Но можетъ ли идея эмансипацiи устоять въ томъ видѣ, въ какомъ ее понимаютъ теперь, когда чѣмъ больше какой нибудь поступокъ женщины возбудитъ ужасъ въ консерваторахъ, тѣмъ больше возбуждаетъ онъ одобренiя со стороны ихъ противниковъ; въ томъ видѣ, въ какомъ она нравится только развѣ крайней юности, пылающей своеволiемъ и совершенно несознающей, что ничто такъ не обязываетъ, какъ свобода? При полной свободѣ, которая будетъ возможна только тогда, когда воспитанiе и вкусъ, имъ развитый, заставитъ самихъ мущинъ отказаться отъ той грубой распущенности, которую они теперь хотятъ навязать и женщинамъ — возможно ли будетъ, чтобы женщина приняла то, отчего отказываются мущины? — Для свободы нужно образованiе; а возможно ли желать да и думать, чтобы высокое образованiе могло уничтожить въ женщинѣ хотя какое нибудь изъ тѣхъ качествъ, которыя ее дѣлаютъ такою неоцѣненною для мущины? — Сестры милосердiя, исполняющiя обязанности фельдшеровъ, часто совершенно мужскiя обязанности, именно тѣмъ драгоцѣнны, что онѣ вносятъ въ нихъ женскiй элементъ любви и участiя, тотъ элементъ нѣжной заботливости, котораго часто лишены самыя высокiя мужскiя натуры. И какое бы ни находили мы наслажденiе въ жизни общественной, въ трудахъ на пользу общую, всетаки всегда лучшими минутами жизни нашей будутъ минуты, проведенныя съ любимою женщиной, и для женщины также точно, и потому она сама никогда не захочетъ лишиться того, что такъ необходимо для увеличенiя ея собственнаго счастья. Распущенность и цинизмъ никогда не сдѣлаются принадлежностью женщины. Но развѣ, спросятъ меня, цинизмъ — прочитать превосходное стихотворенiе Пушкина?

— Какъ прочитать!

И мущина и женщина могутъ прочесть «Египетскiя ночи», такъ точно, какъ не только мущина и женщина, но и мальчикъ и дѣвочка, могутъ смотрѣть на обнаженную статую, напримѣръ, Венеры Таврической.
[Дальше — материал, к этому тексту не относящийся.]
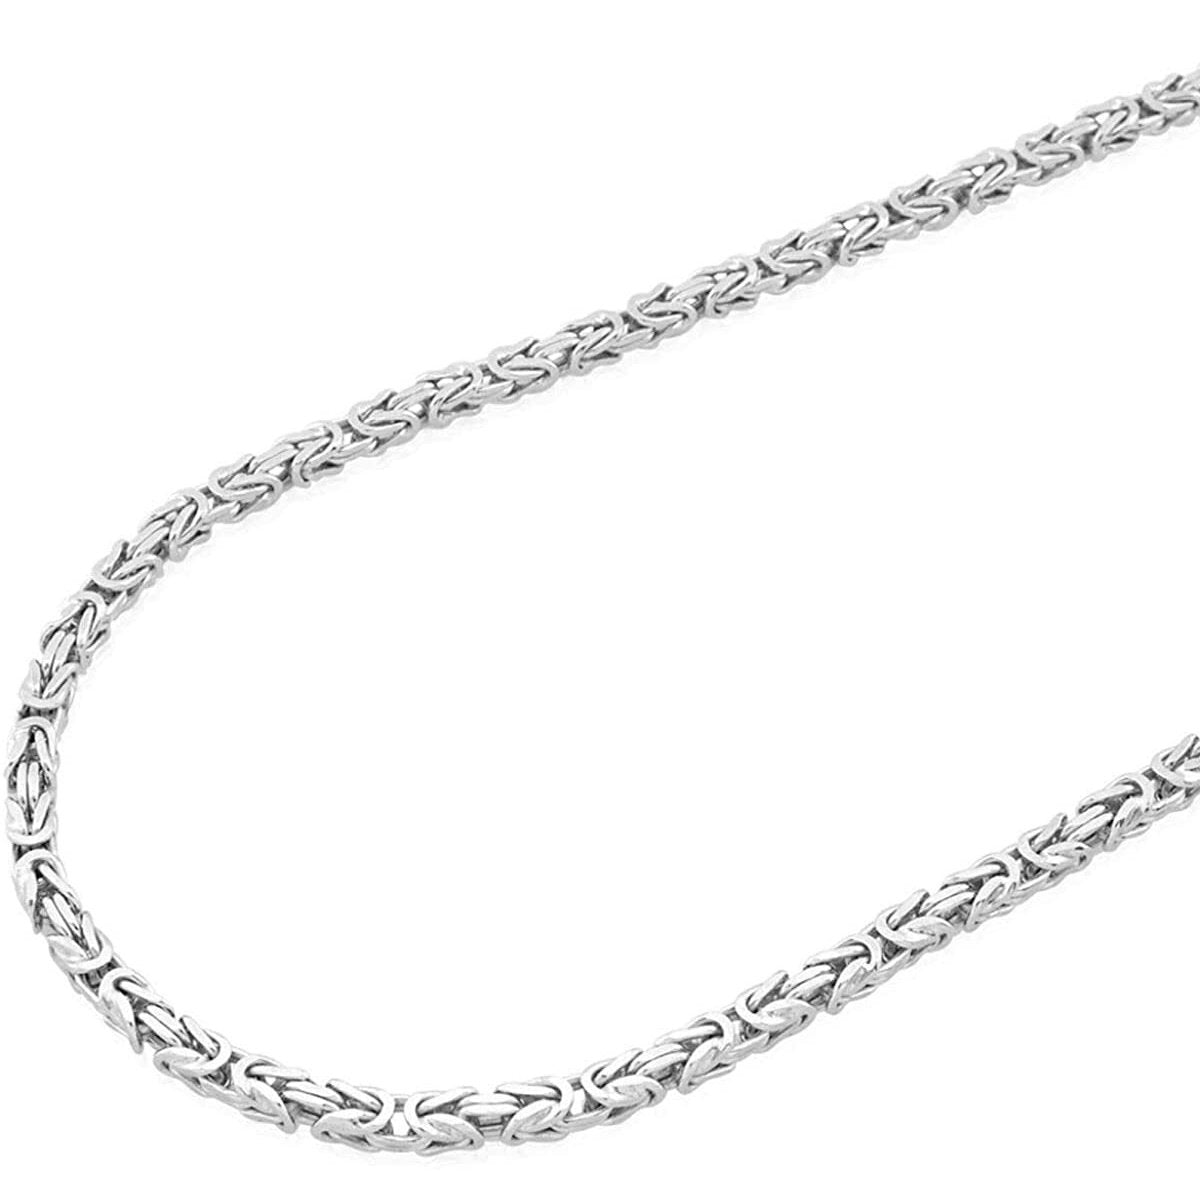 Silver byzantine chain - Monte Cristo

Стихотворенiе есть таже статуя; таже нагота терпится въ немъ, нагота, которая невозможна ни въ прозаическомъ сочиненiи, ни въ живописи; но мнѣ кажется, что придѣлай только къ статуѣ зрачки, и уже нагота ея сдѣлается нѣсколько оскорбительна. Именно ея отвлеченность дѣлаетъ въ ней возможной ея наготу. Стихотворенiе носитъ въ себѣ нѣчто такое же отвлеченное, какъ статуя: это не простое выраженiе чувствъ нашихъ; это выраженiе чувства, облеченное въ форму искусства: кадансъ, риѳма, нѣжная изысканность выраженiй, все поднимаетъ стихотворенiе надъ обыкновенною нашею рѣчью и дѣлаетъ его идеальнымъ, какъ одноцвѣтность мрамора, эта неопредѣленность взгляда дѣлаетъ идеальною статую. И всѣ могутъ смотрѣть и любоваться каждою ея точкою, но не на каждую ея точку можно указать пальцемъ. Можно читать и восхищаться «Египетскими ночами», но не на каждую строчку ихъ можно обратить особенное вниманiе публики. Тутъ до цинизма одинъ шагъ. И тотъ, кто надѣется прочесть такъ, что все это стихотворенiе въ устахъ его сохранитъ ту изящную цѣлость, ту соразмѣрность всѣхъ частей его, которыя дѣлаютъ его похожимъ на мраморное изваянiе, гдѣ ни одна точка не выдается впередъ съ цѣлью обратить на нее особенное вниманiе; тотъ, кто съумѣетъ восторгъ души своей разлить на все это стихотворенiе, не сосредоточивая его на извѣстныхъ только строчкахъ, тотъ пусть читаетъ его публично, пусть дѣлаетъ этотъ salto mortale; но кто не убѣжденъ въ поэтическомъ чутьѣ своемъ, кто въ глубинѣ души своей не проникнутъ этой художественною чистотой взгляда, кто не чувствуетъ равной любви къ строкамъ:

 

И съ умиленiемъ на немъ

Царица взоръ остановила —

 

и къ златорогому мѣсяцу, освѣтившему александрiйскiе чертоги, и къ сладострастнымъ прохладамъ, готовящимся земнымъ богамъ, и ко всему, ко всему, къ каждой строчкѣ и къ каждому слову, заключающемуся въ этомъ стихотворенiи, — тотъ пускай не читаетъ его, а то пожалуй выйдетъ цинизмъ, и смертельный скачекъ сдѣлается въ самомъ дѣлѣ смертельнымъ. И мы, зная все это или чувствуя, смотримъ сейчасъ съ нѣкоторымъ недовѣрiемъ на женщину, которая рѣшается на этотъ отважный подвигъ; и иногда наше недовѣрiе такъ сильно, что мы не въ состоянiи даже замѣтить, невыходитъ ли женщина побѣдительницей и не опрадываетъ ли передъ нами рѣшимость свою.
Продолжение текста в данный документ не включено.